Mr. Comer says previous requests that the Treasury Department hand over the SARs — reports generated by banks to flag suspected illegal activity — have been ignored.
“The committee is investigating President Biden’s knowledge of and role in these schemes to assess whether he has compromised our national security at the expense of the American people,” Mr. Comer wrote in a letter to Ms. Yellen. “Accordingly, we make this renewed request for certain records and information in Treasury’s custody.”
HunterBiden’s far-flung business deals have raised eyebrows for years about potential influence peddling and possible crimes. He served on the board of a Ukrainian natural gas company, pursued deals with Chinese Communist Party-linked energy tycoons and allegedly pocketed more than $3 million from a Russian businesswoman who is the widow of a former mayor of Moscow.

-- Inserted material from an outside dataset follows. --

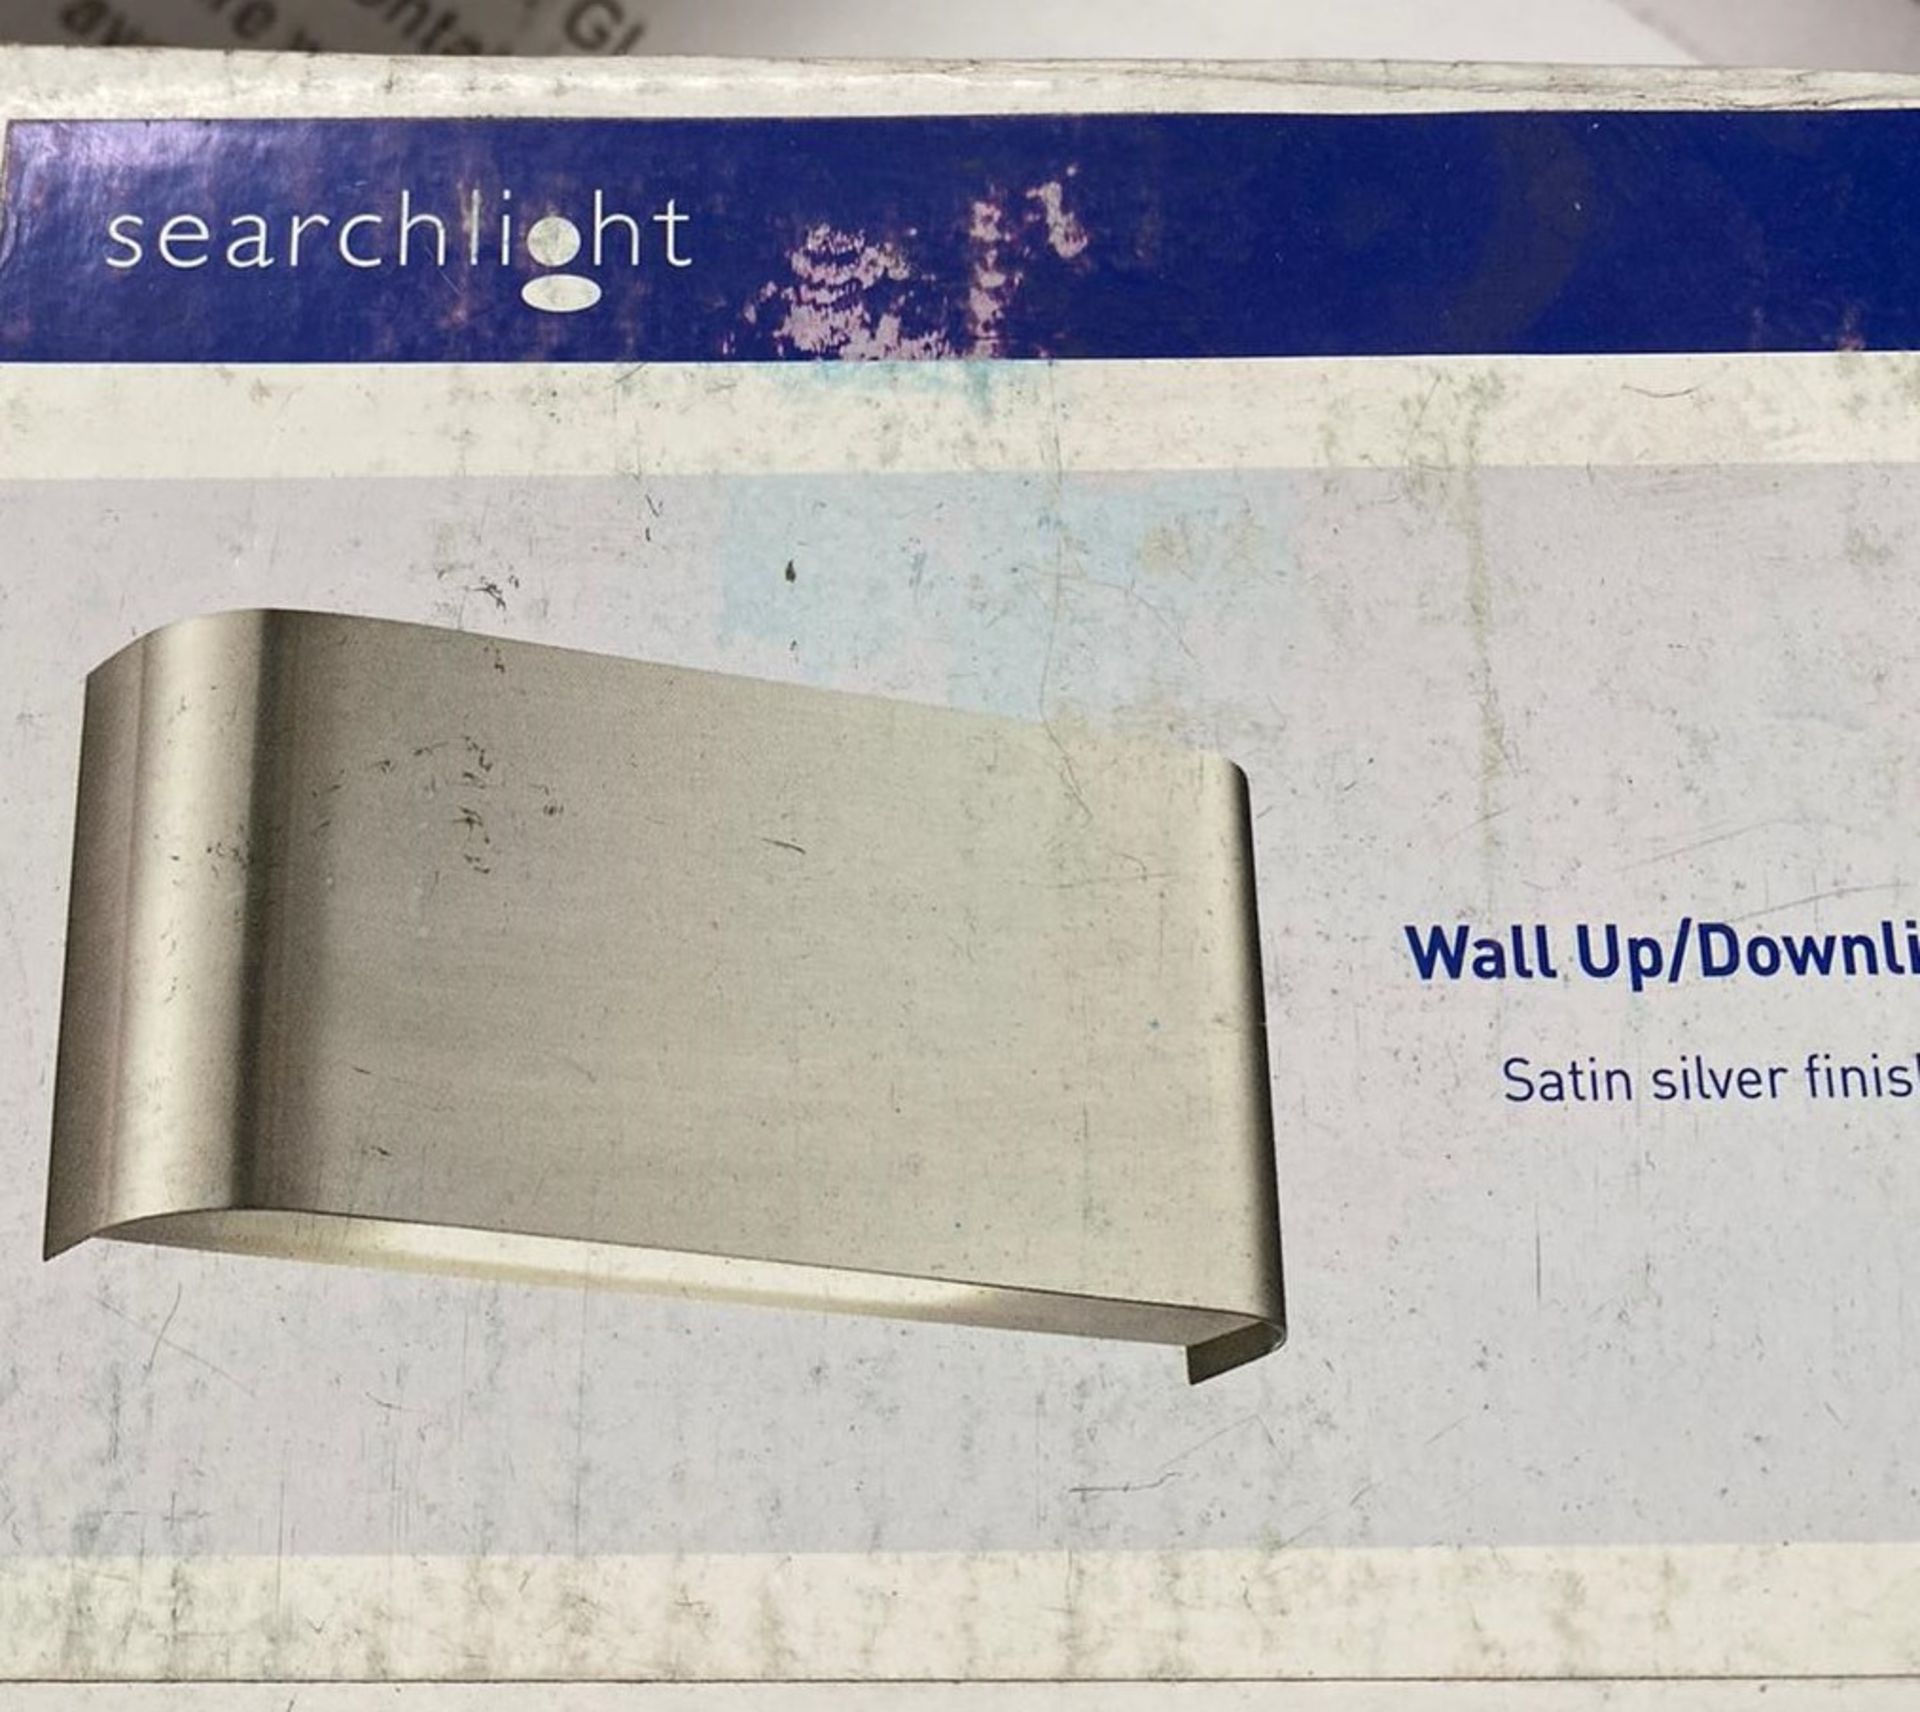 1 x Searchlight Wall Up/downlight in a satin silver - Ref: 1953SS - New Boxed - RRP: £105.00(each) - Image 4 of 4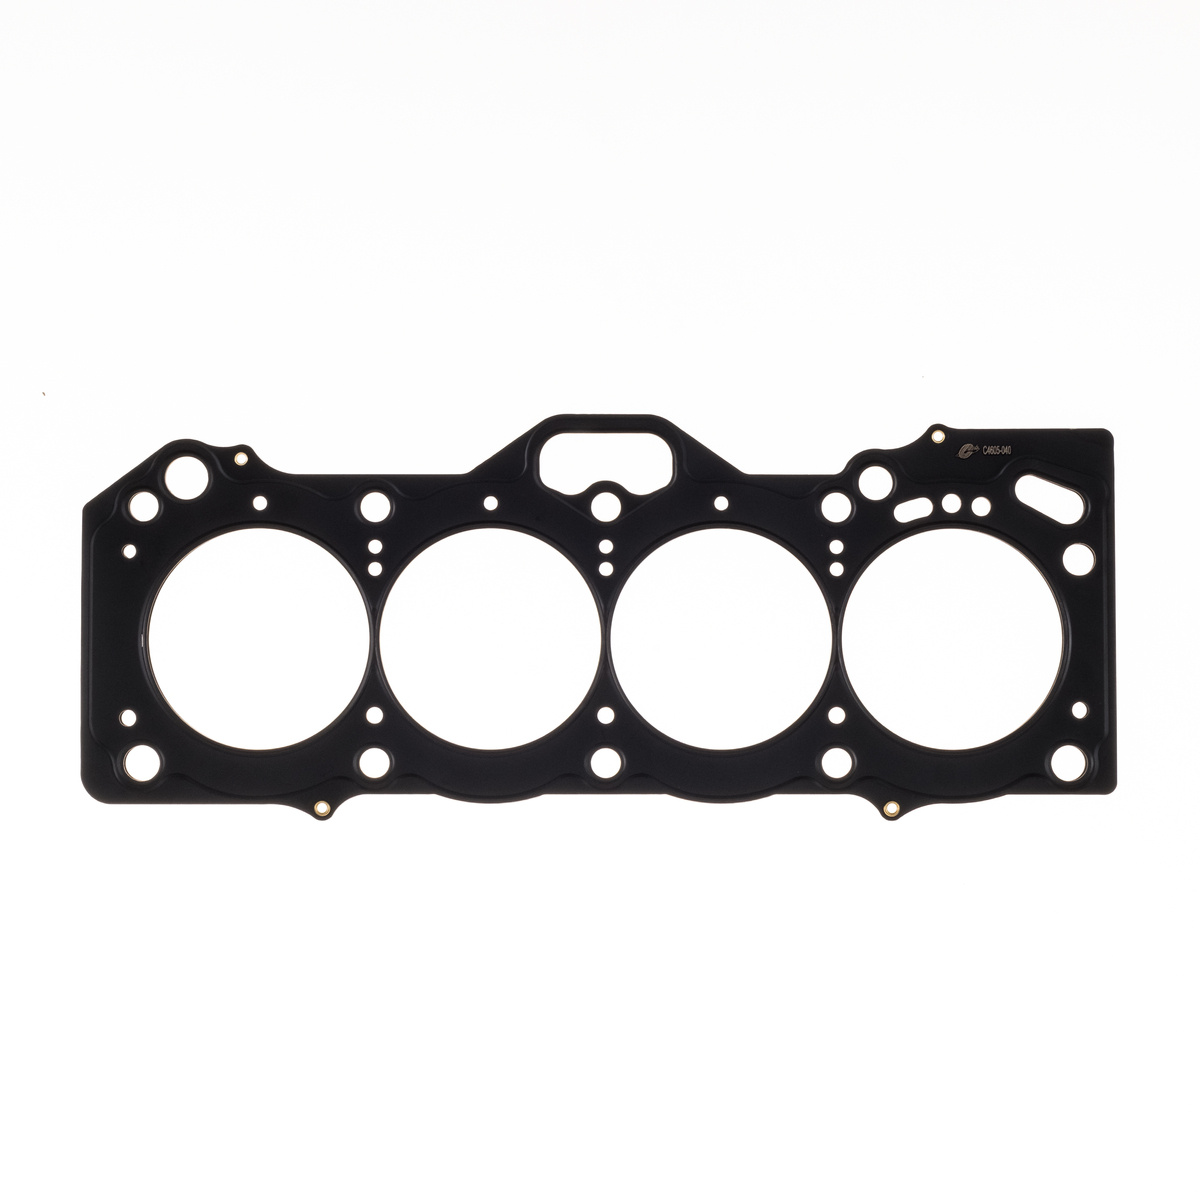 Cylinder Head Gasket Toyota 4A-GE .040" MLS , 83mm Bore, 20-Valve Cometic C4605-040

Citing evidence obtained from Hunter Biden’s laptop and through whistleblowers, Mr. Comer said his committee had uncovered a “decade-long pattern of influence peddling, national security risks and political cover-ups” committed by the Biden family with the knowledge and involvement of the president.
Republicans on the oversight committee said in a 31-page report that the president was directly involved in his family’s business deals, including those involving foreign interests, despite claiming he did not know the details.
The White House has consistently brushed off Republicans’ pledge to expand their inquiry. It called the lawmakers’ claims “politically motivated attacks chock-full of long-debunked conspiracy theories.”